- Exercise objective
Retype the lines below exactly, but only those from the line that has "Antique Silver Collar" through the line that has "INDIA 2014 200". Omit every picture.

- Data supplied
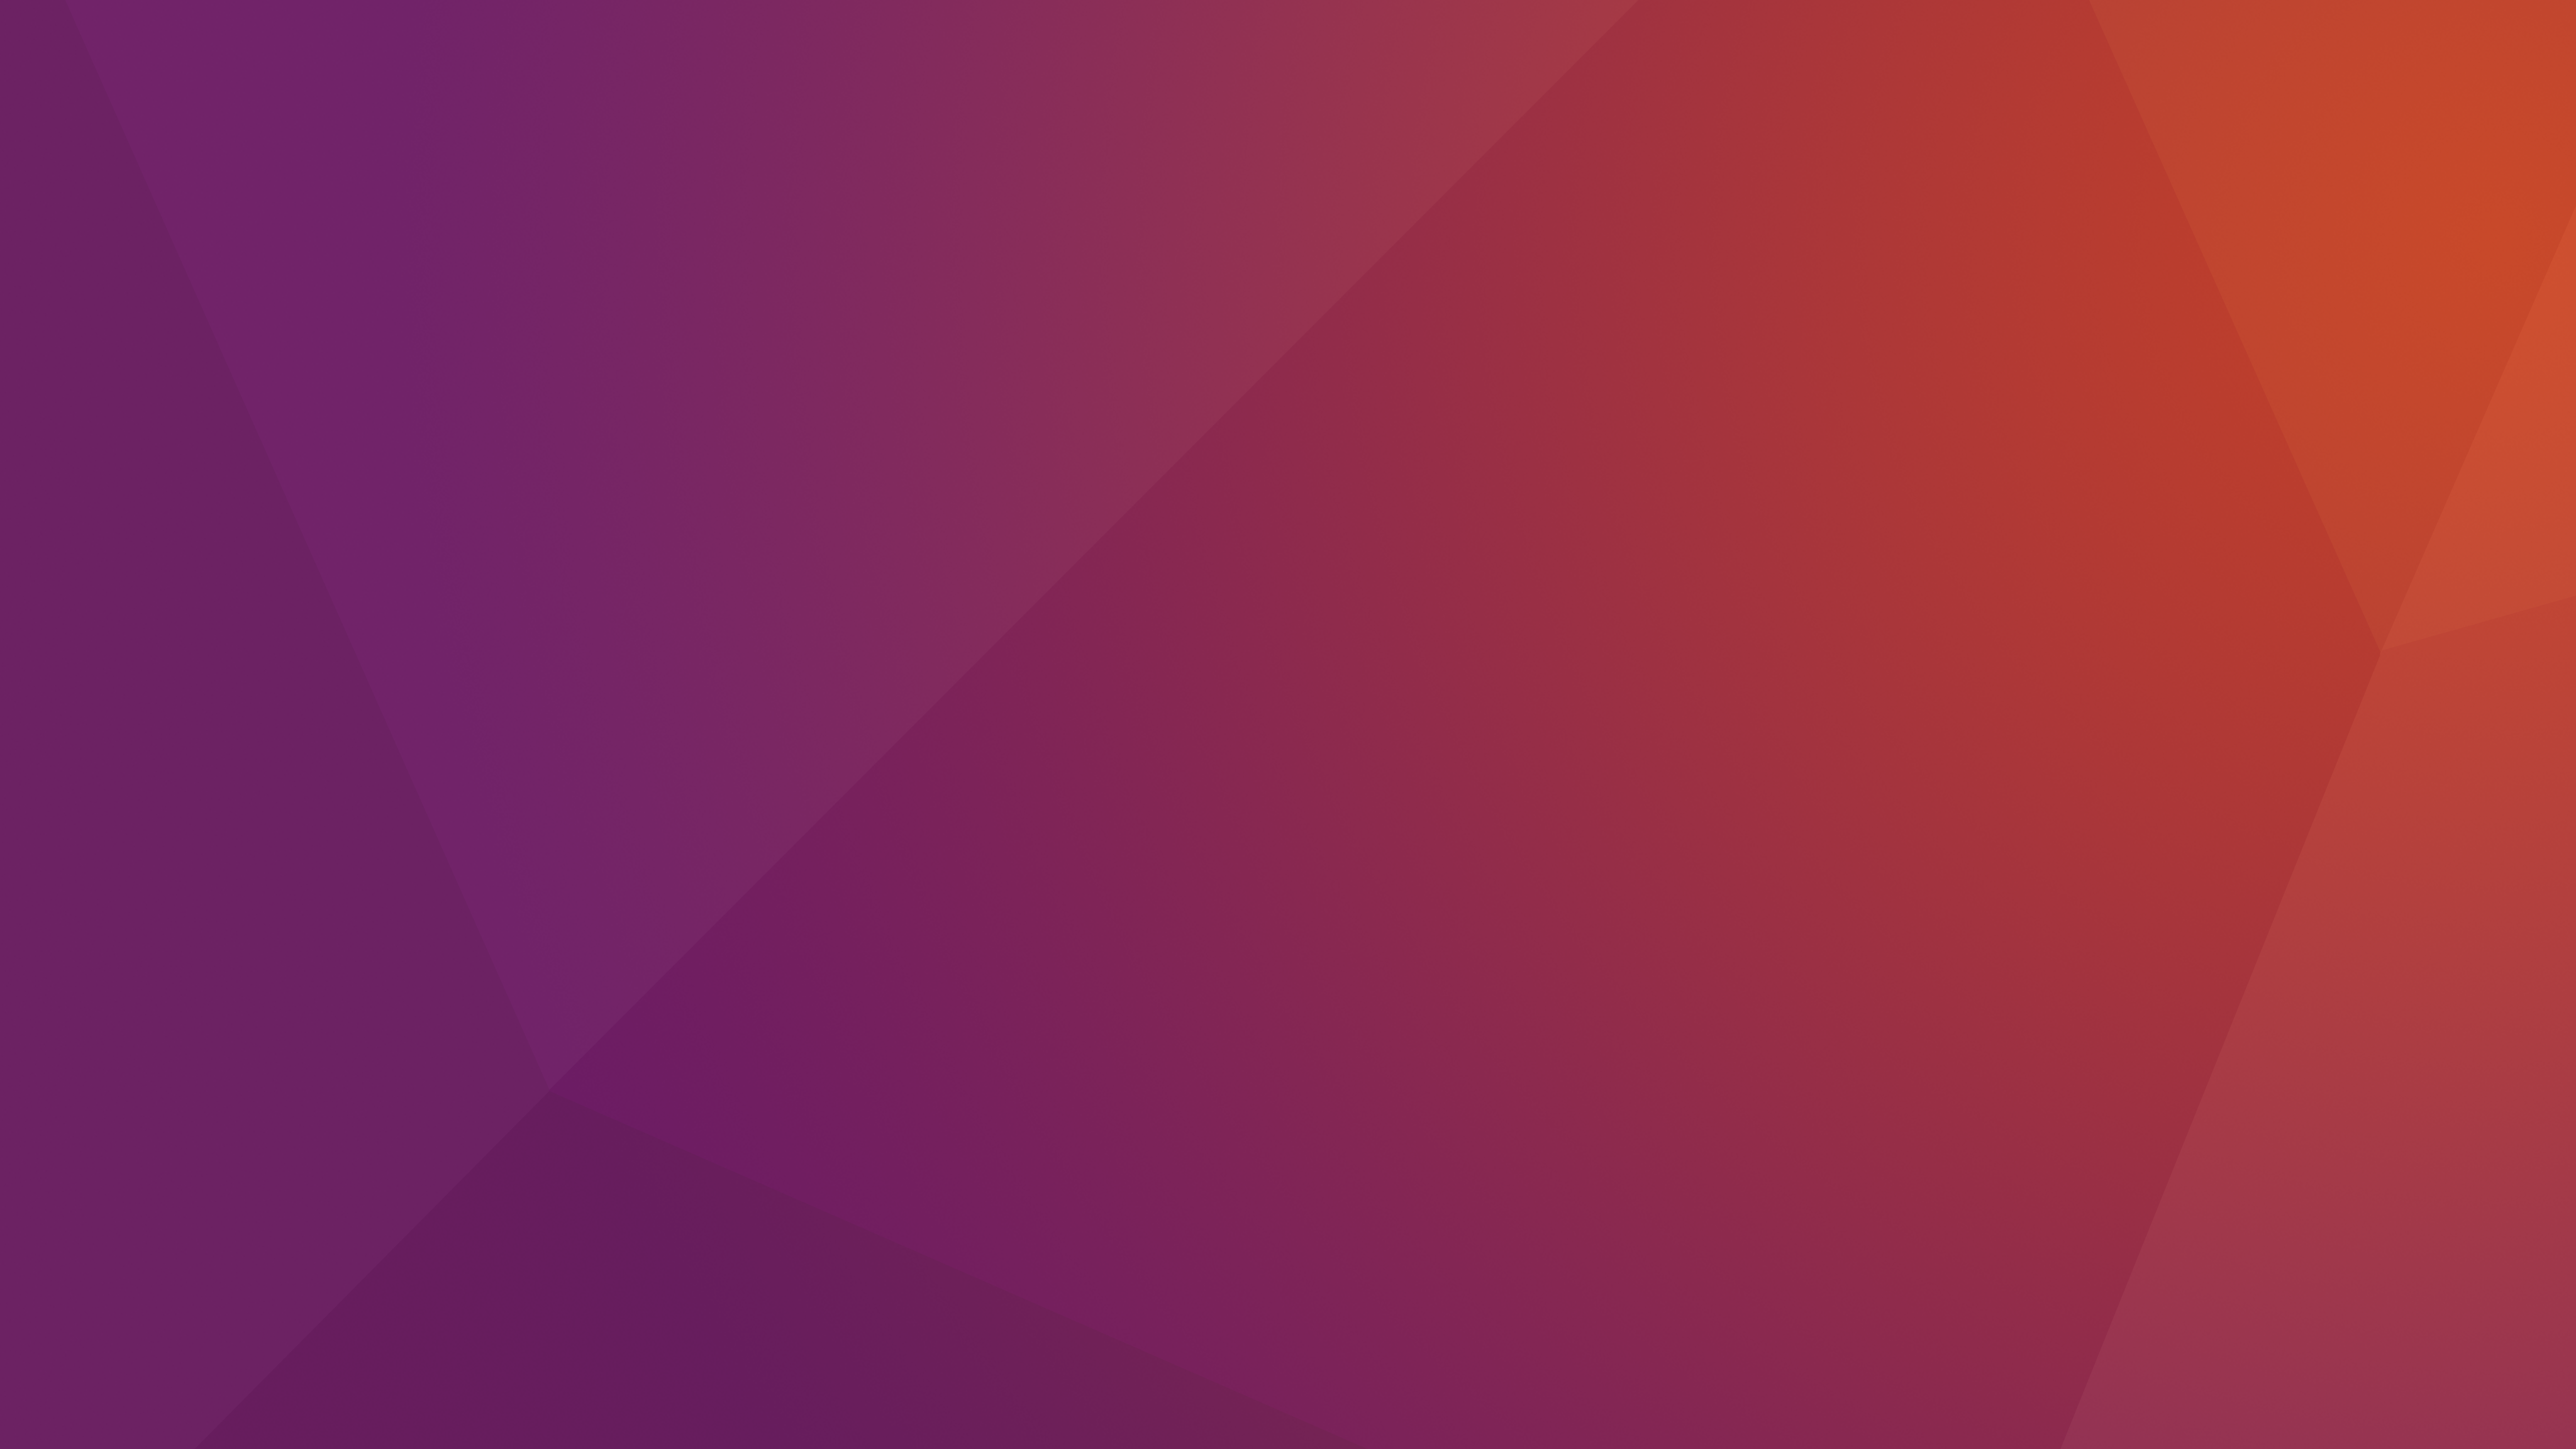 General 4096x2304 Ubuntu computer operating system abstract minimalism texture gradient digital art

...

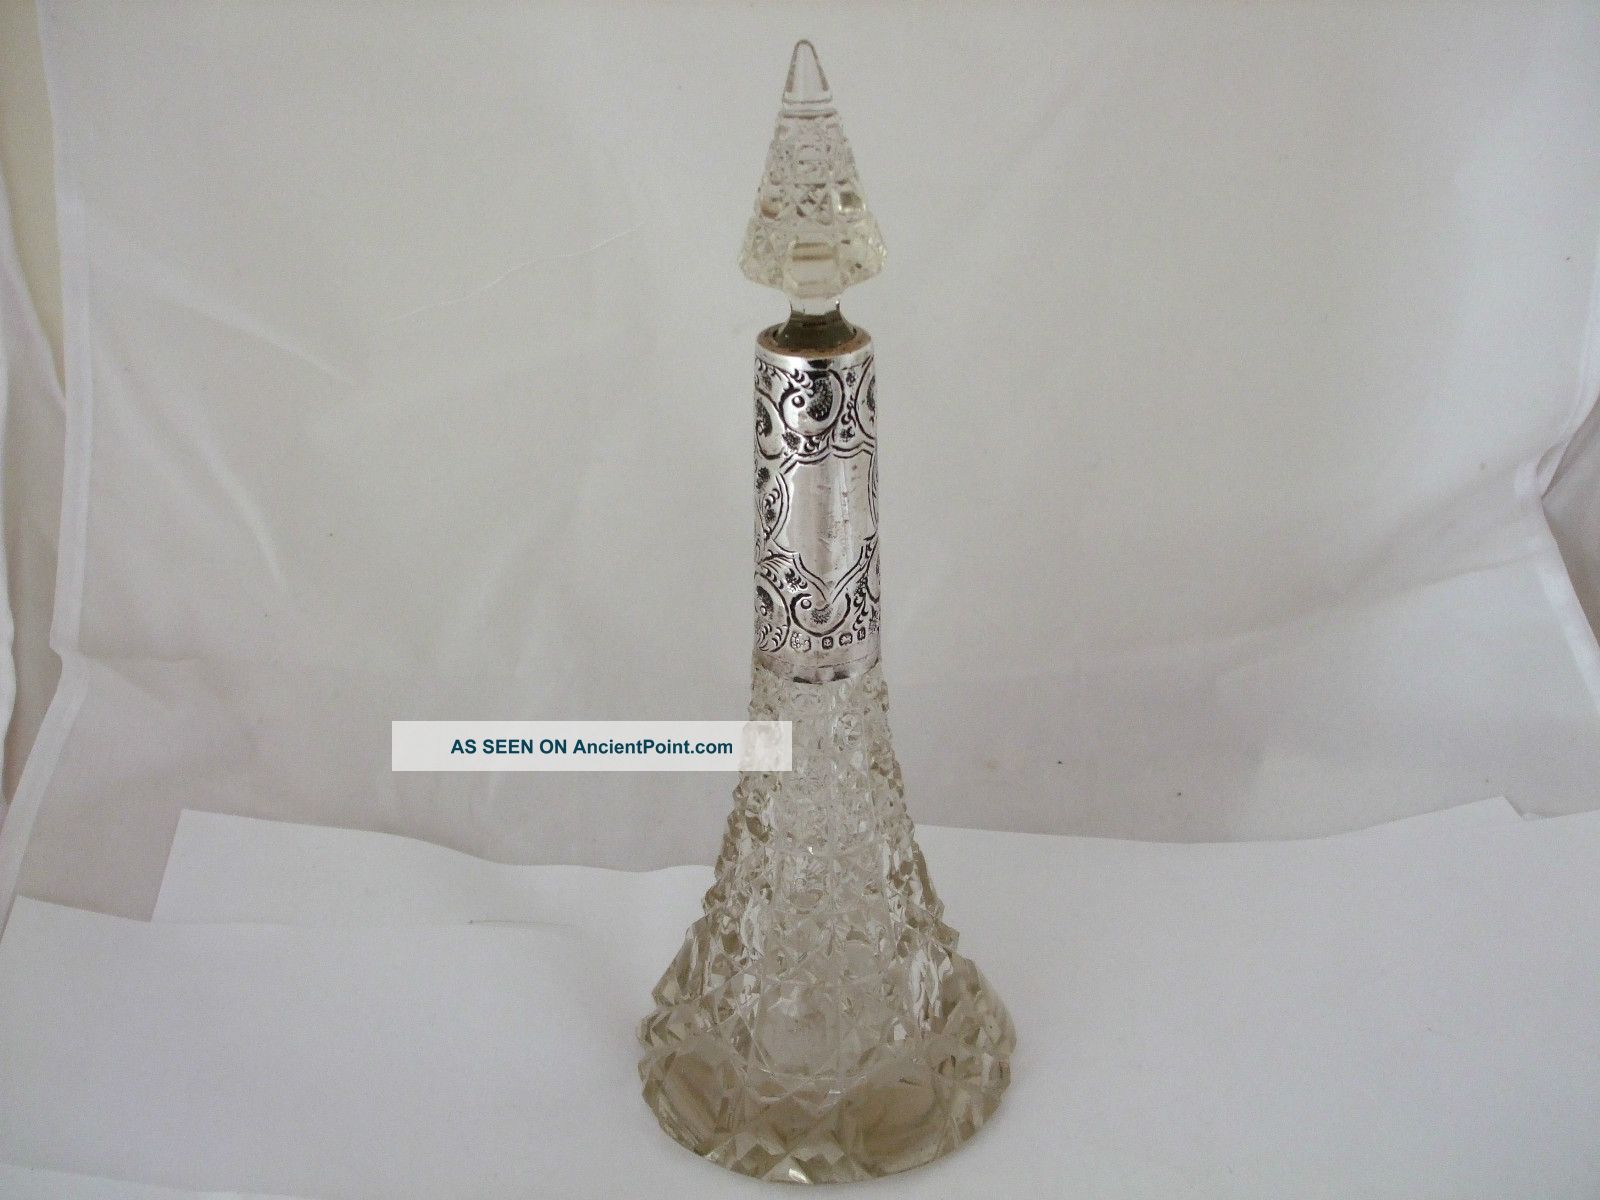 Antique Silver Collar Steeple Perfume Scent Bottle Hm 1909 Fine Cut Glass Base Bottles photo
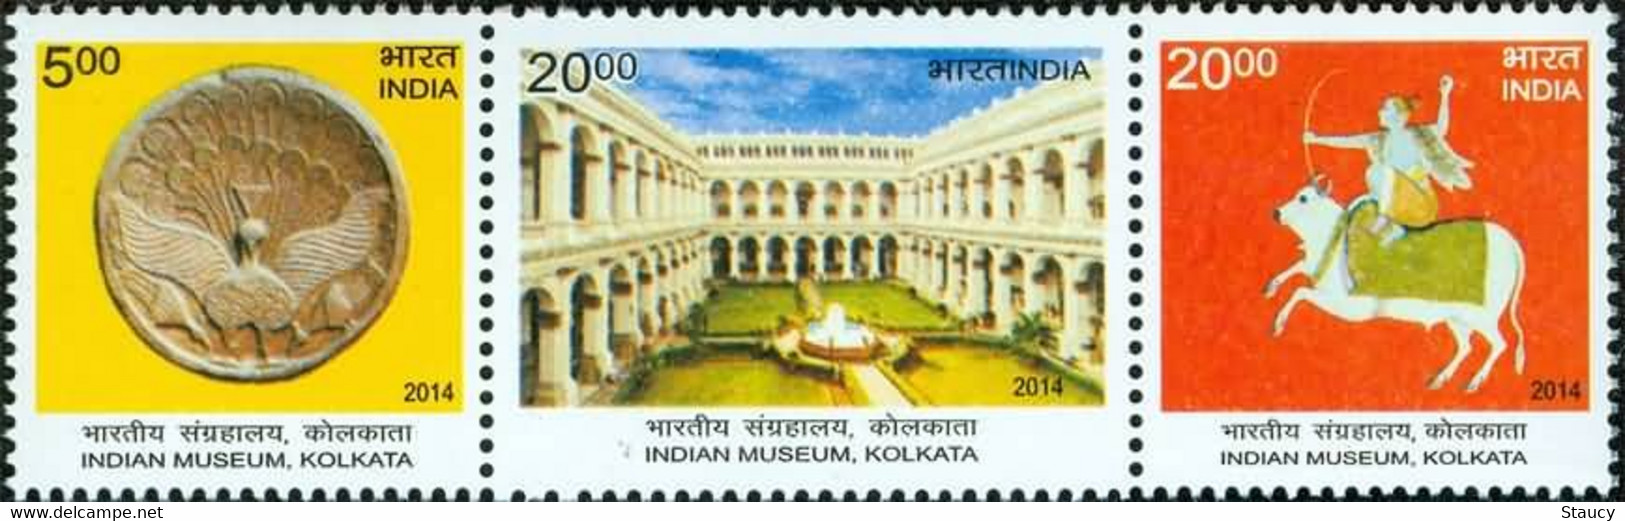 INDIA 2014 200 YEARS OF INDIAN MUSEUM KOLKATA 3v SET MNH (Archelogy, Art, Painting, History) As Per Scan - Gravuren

- Answer for the task
 Antique Silver Collar Steeple Perfume Scent Bottle Hm 1909 Fine Cut Glass Base Bottles photo
 INDIA 2014 200 YEARS OF INDIAN MUSEUM KOLKATA 3v SET MNH (Archelogy, Art, Painting, History) As Per Scan - Gravuren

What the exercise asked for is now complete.